Platelet-rich plasma (PRP) is an autologous preparation of concentrated platelets containing over 30 bioactive molecules including PDGF, TGF-β, VEGF, and EGF. The first use of PRP in augmenting regenerative medicine was described in 1998, when autologous PRP was used to aid cancellous bone graft maturation in patients with mandibular defects. Since that time, PRP has been implemented in a variety of procedures, ranging from joint replacements and hernia repair to pituitary tumor removal and radical neck dissections. Given the advancements in technology over the past 2 decades, this paper will summarize the cellular mechanisms underlying PRP, as well as discuss its clinical utility in autologous fat grafting and future roles in cosmetic plastic surgery.

Keywords

Platelet-rich plasma; Fat grafting

Introduction

Platelet rich plasma (PRP) is defined as an autologous concentration of platelets within a small plasma volume derived from whole blood via centrifugation with anticoagulation. The first use of PRP was described by Marx et al. who recognized that the high concentrations of platelet-derived growth factor (PDGF), transforming growth factor beta (TGF-beta), and other growth factors in the product could be administered alongside cancellous bone grafts for patients with mandibular defects [1]. Over the next 20 years, PRP has been implemented in cosmetic procedures ranging from tissue expansion to skin grafting.

PRP is derived from centrifugation of whole blood, which separates into 3 layers: platelet poor plasma, platelet rich plasma, and red blood cells.

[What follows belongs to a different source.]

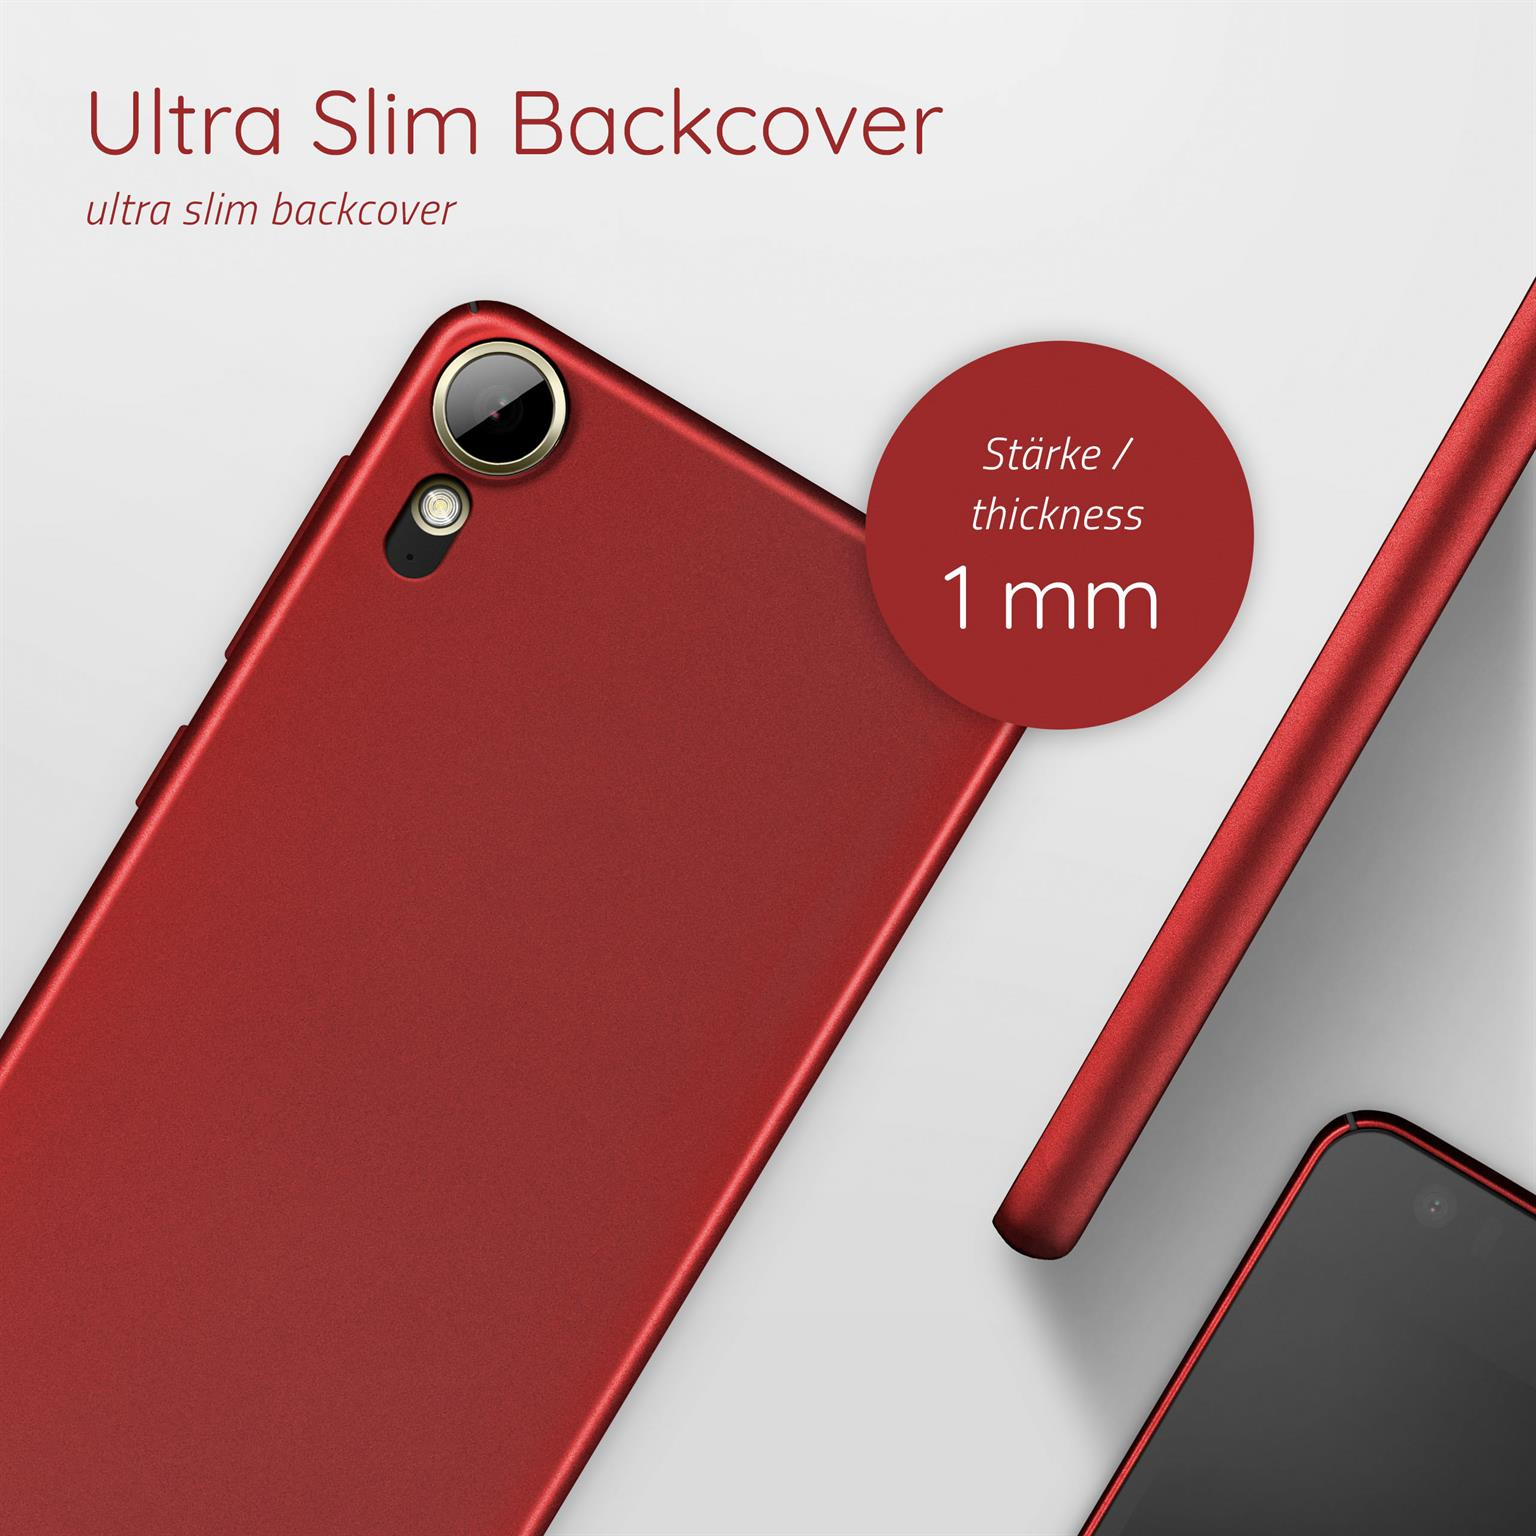 HTC, Backcover, Rot Lifestyle, Desire Case, 10 Alpha MOEX

Contained within these platelets are a number of hemodynamically active proteins that aid in the natural process of wound healing. Specifically, the platelet alpha-granules contain several of these molecules, including: PDGF, TGF-beta, vascular endothelial growth factor (VEGF), epithelial growth factor (EGF), fibrinogen, fibronectin, and vitronectin [2-4]. In addition, platelet delta granules contain serotonin, histamine, dopamine, calcium, and adenosine, which act in tandem with the aforementioned growth factors to regulate wound healing [5].

Mechanism of Action

Similar to platelets, which are inert prior to hemodynamic changes that trigger degranulation, PRP also requires triggers to degranulate and set off signal cascades. Thrombin-mediated activation of platelets results in alpha-granule fusion to the platelet membrane, causing secretion of growth factors and bioactivation of proteins. Said technique predicates a rapid onset of the platelets within 10 minutes of clotting initiation, with 95% released within the first hour [6,7]. Given this abrupt release of the proteins, the time frame of therapeutic effect may in turn be limited. As a result, other methods of activation have been explored. Specifically, CaCl2 can be used in lieu of thrombin to cause direct autologous thrombin formation from prothrombin in PRP [7].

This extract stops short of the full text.